-- WHAT IS REQUIRED --
For the data below, retype word for word the lines from the one containing "All About Japanese Fcb Barcelona Logos" through the one containing "12-Pack 80 x"; drop the pictures.

Segment Start: SUPPLIED INFORMATION

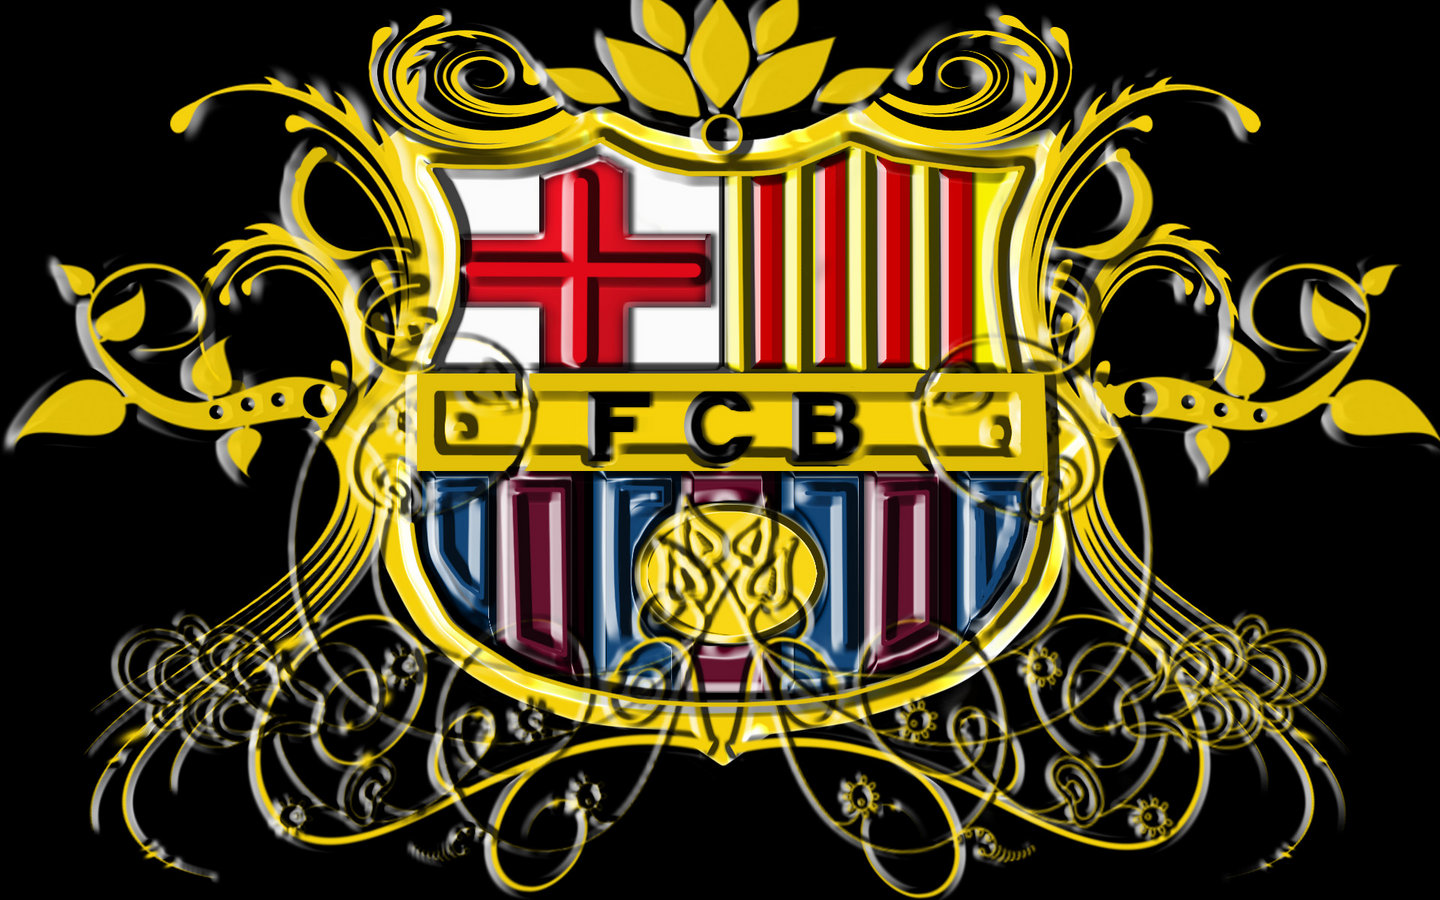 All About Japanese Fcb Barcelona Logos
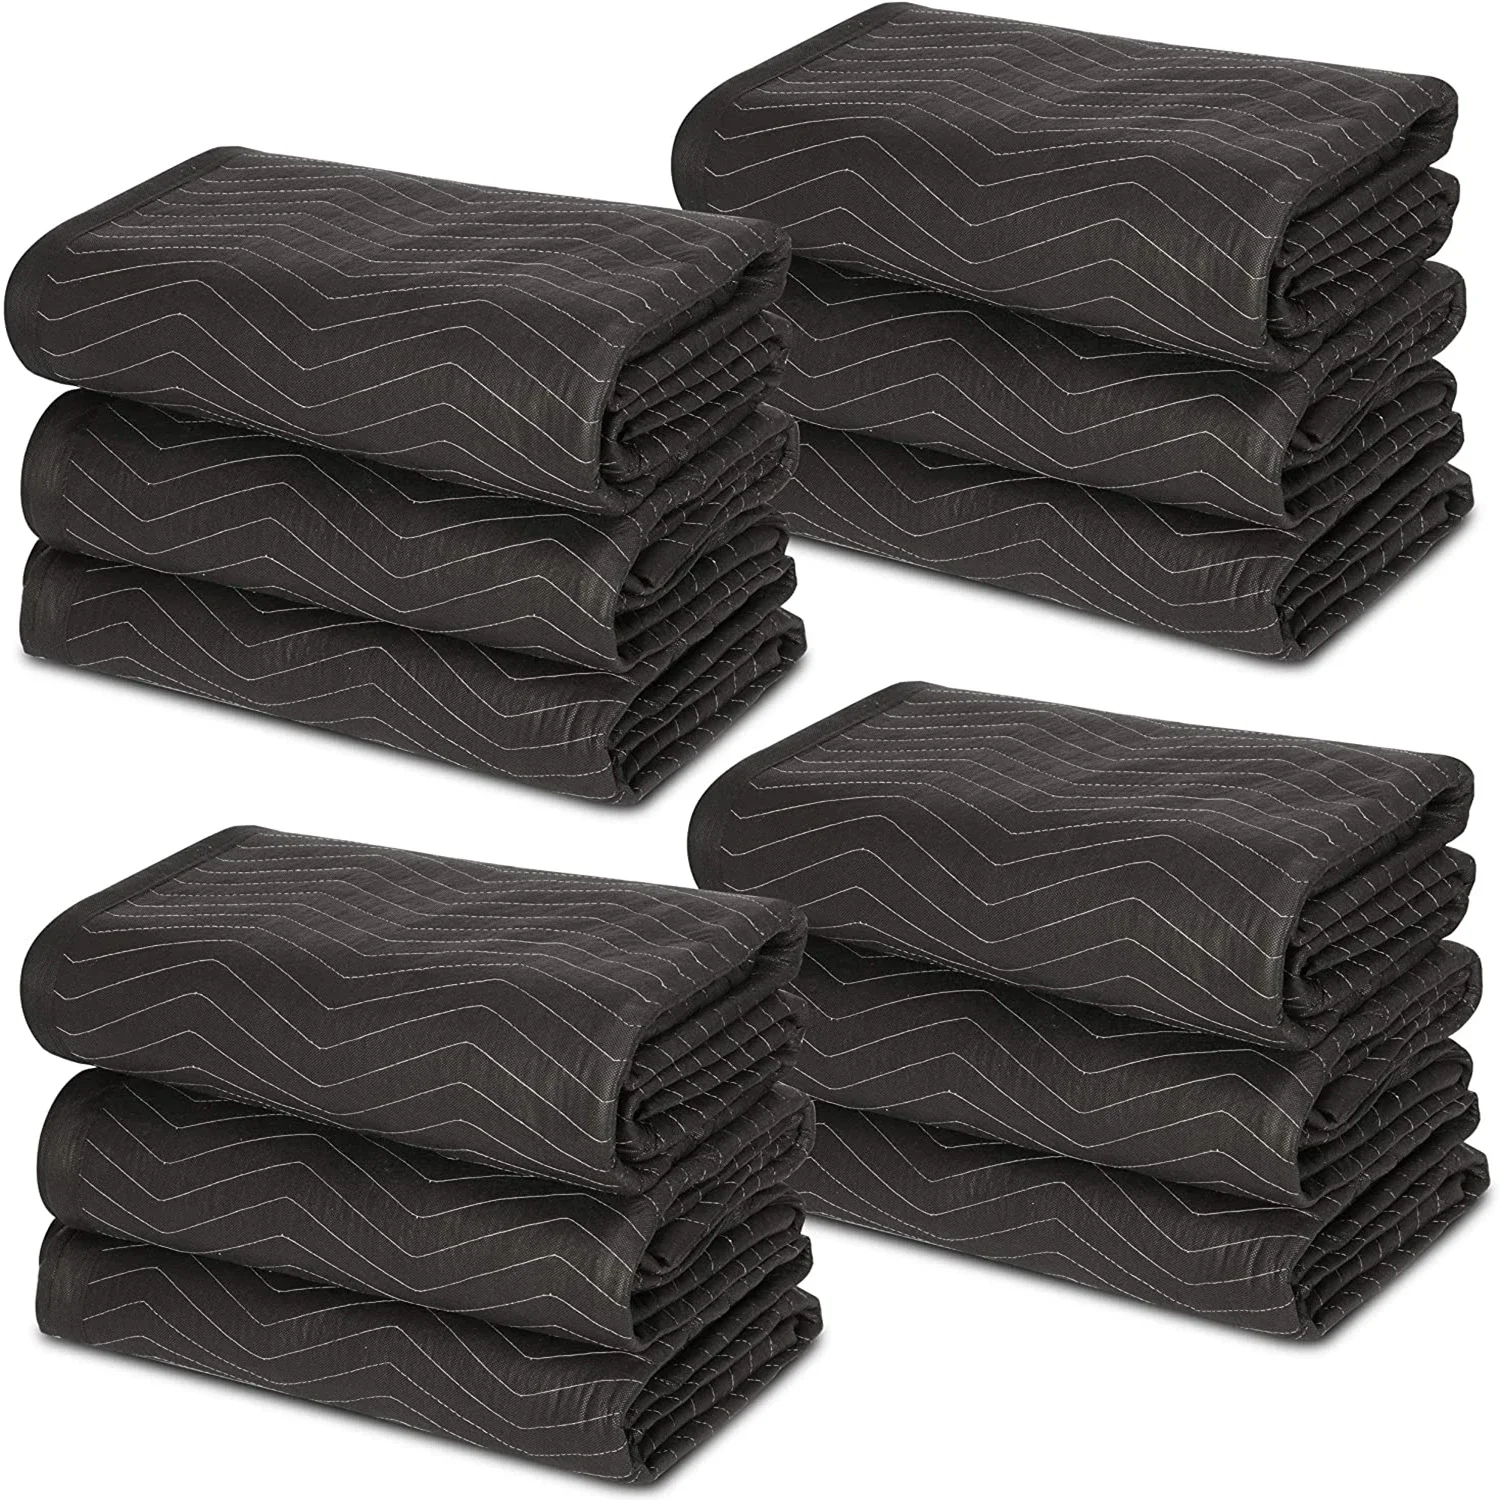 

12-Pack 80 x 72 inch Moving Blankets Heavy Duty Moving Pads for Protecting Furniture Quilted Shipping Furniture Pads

Segment End: SUPPLIED INFORMATION
Segment Start: SUPPLIED INFORMATION

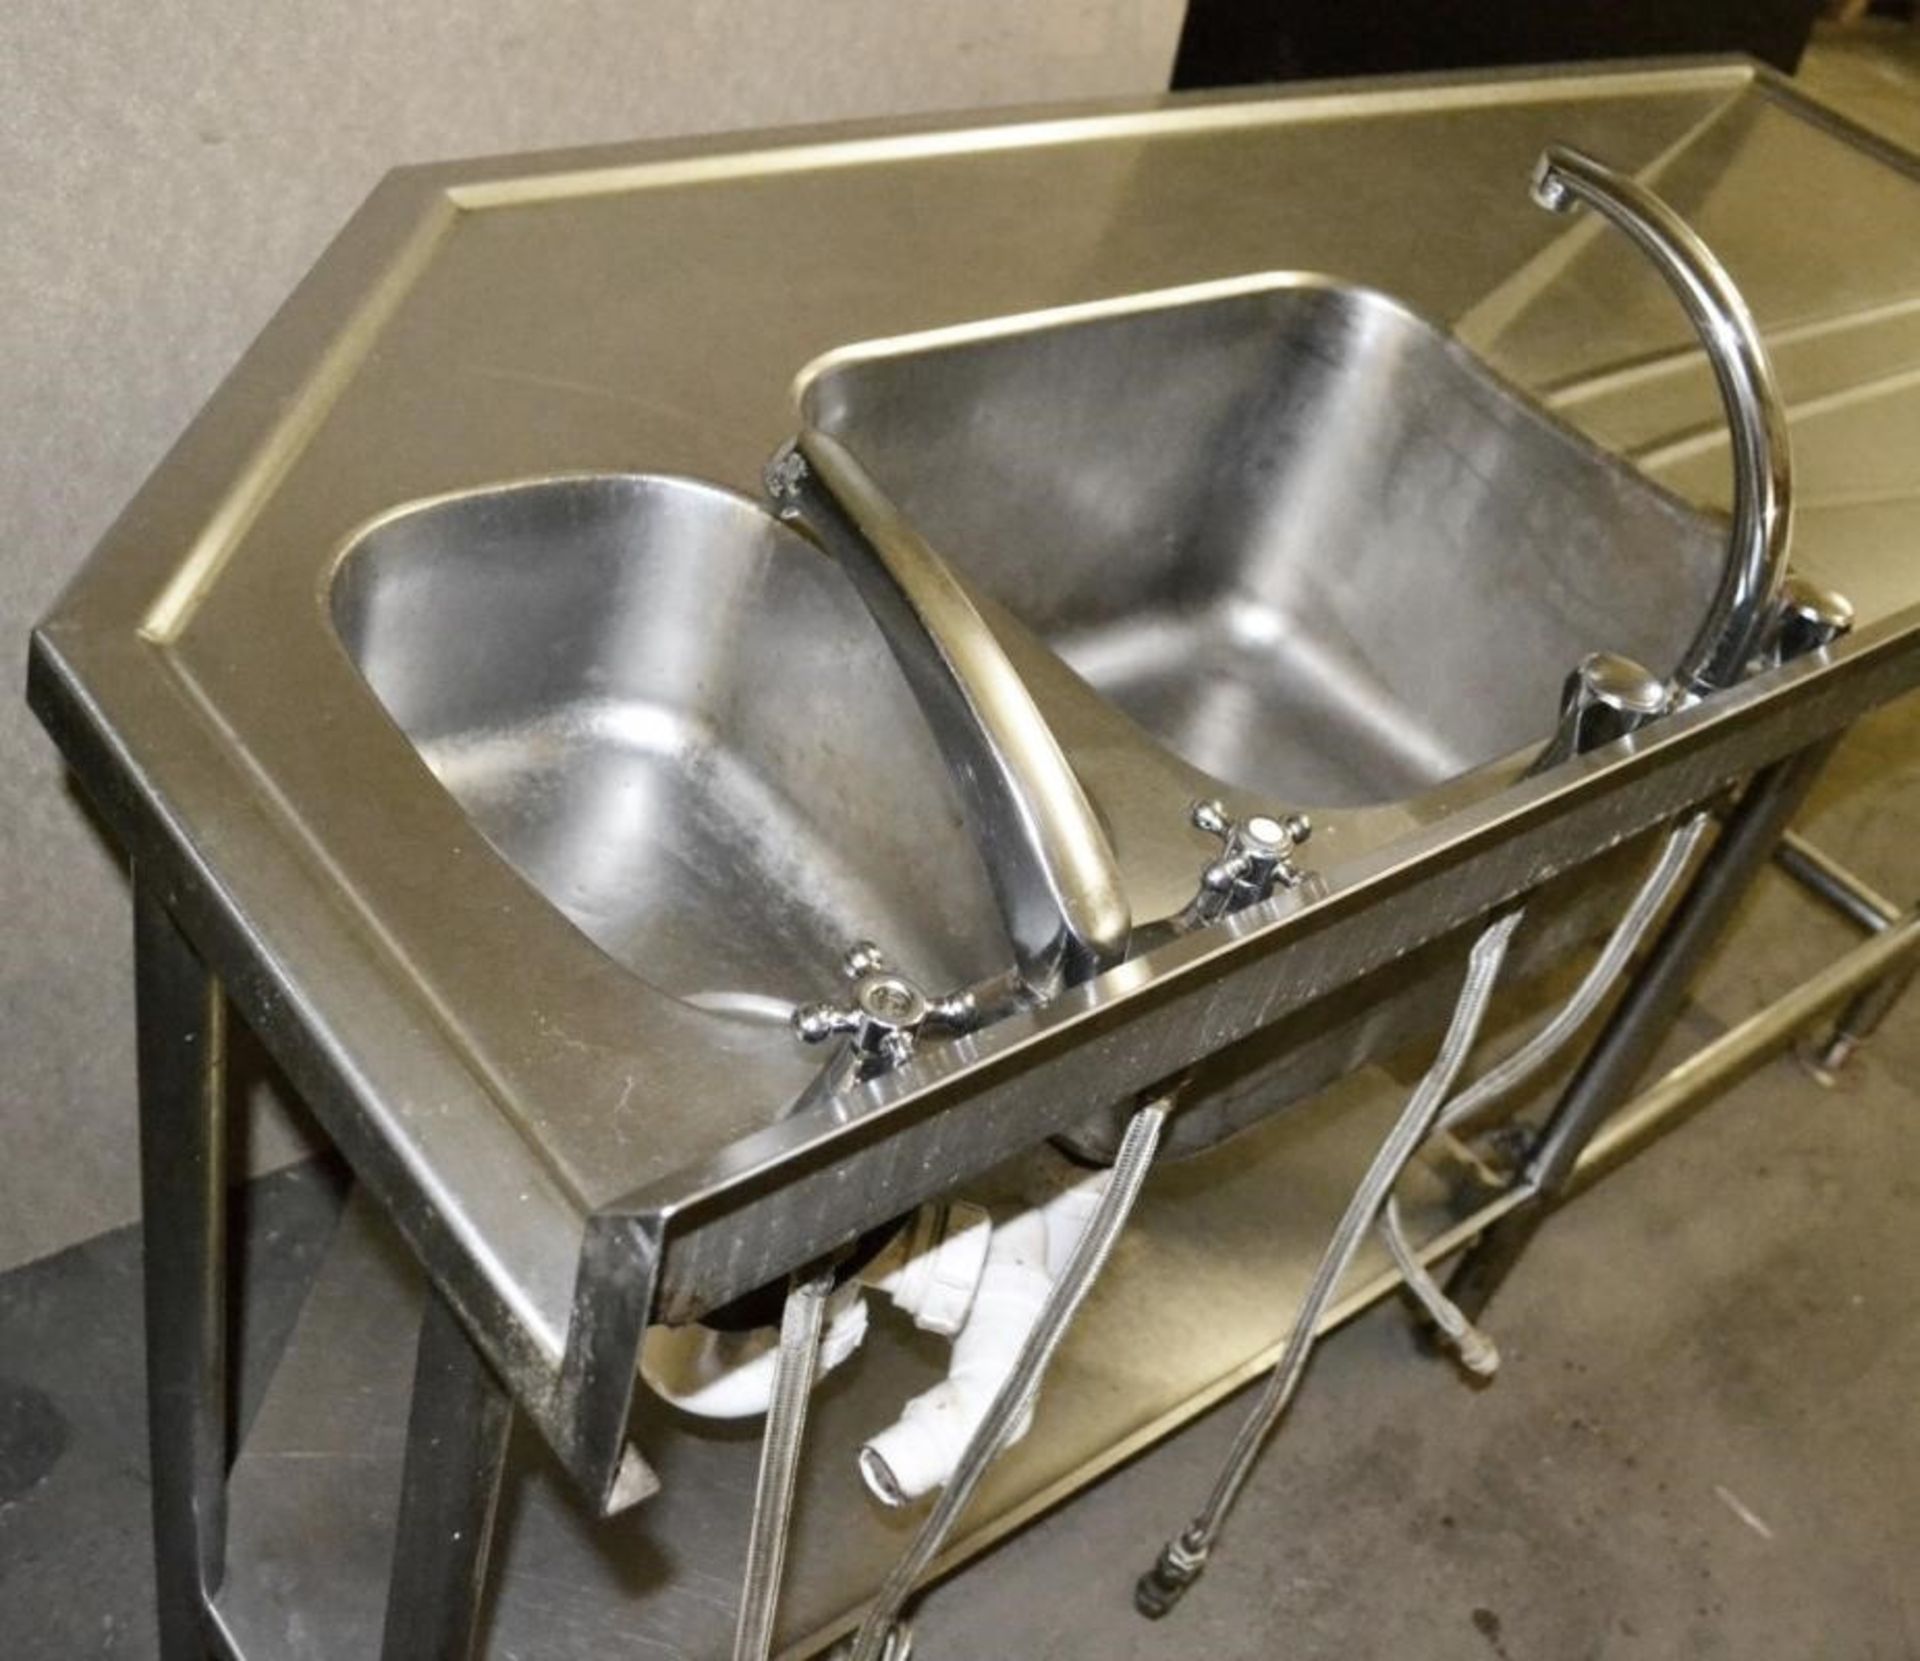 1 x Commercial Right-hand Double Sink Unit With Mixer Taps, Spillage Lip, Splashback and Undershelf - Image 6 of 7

Segment End: SUPPLIED INFORMATION
Segment Start: SUPPLIED INFORMATION

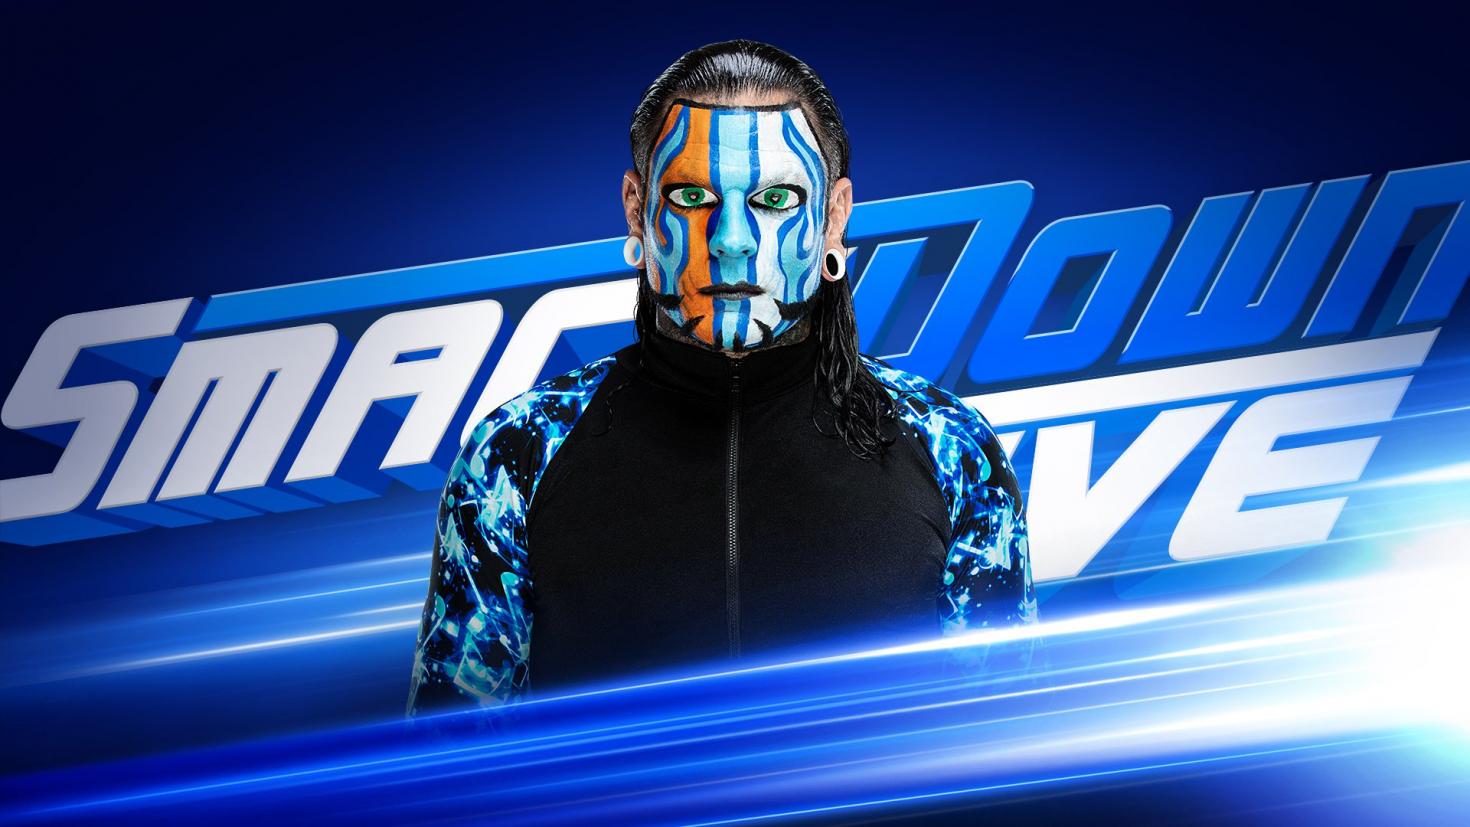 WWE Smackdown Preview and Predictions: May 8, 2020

Segment End: SUPPLIED INFORMATION

-- YOUR RESPONSE --
 All About Japanese Fcb Barcelona Logos

12-Pack 80 x 72 inch Moving Blankets Heavy Duty Moving Pads for Protecting Furniture Quilted Shipping Furniture Pads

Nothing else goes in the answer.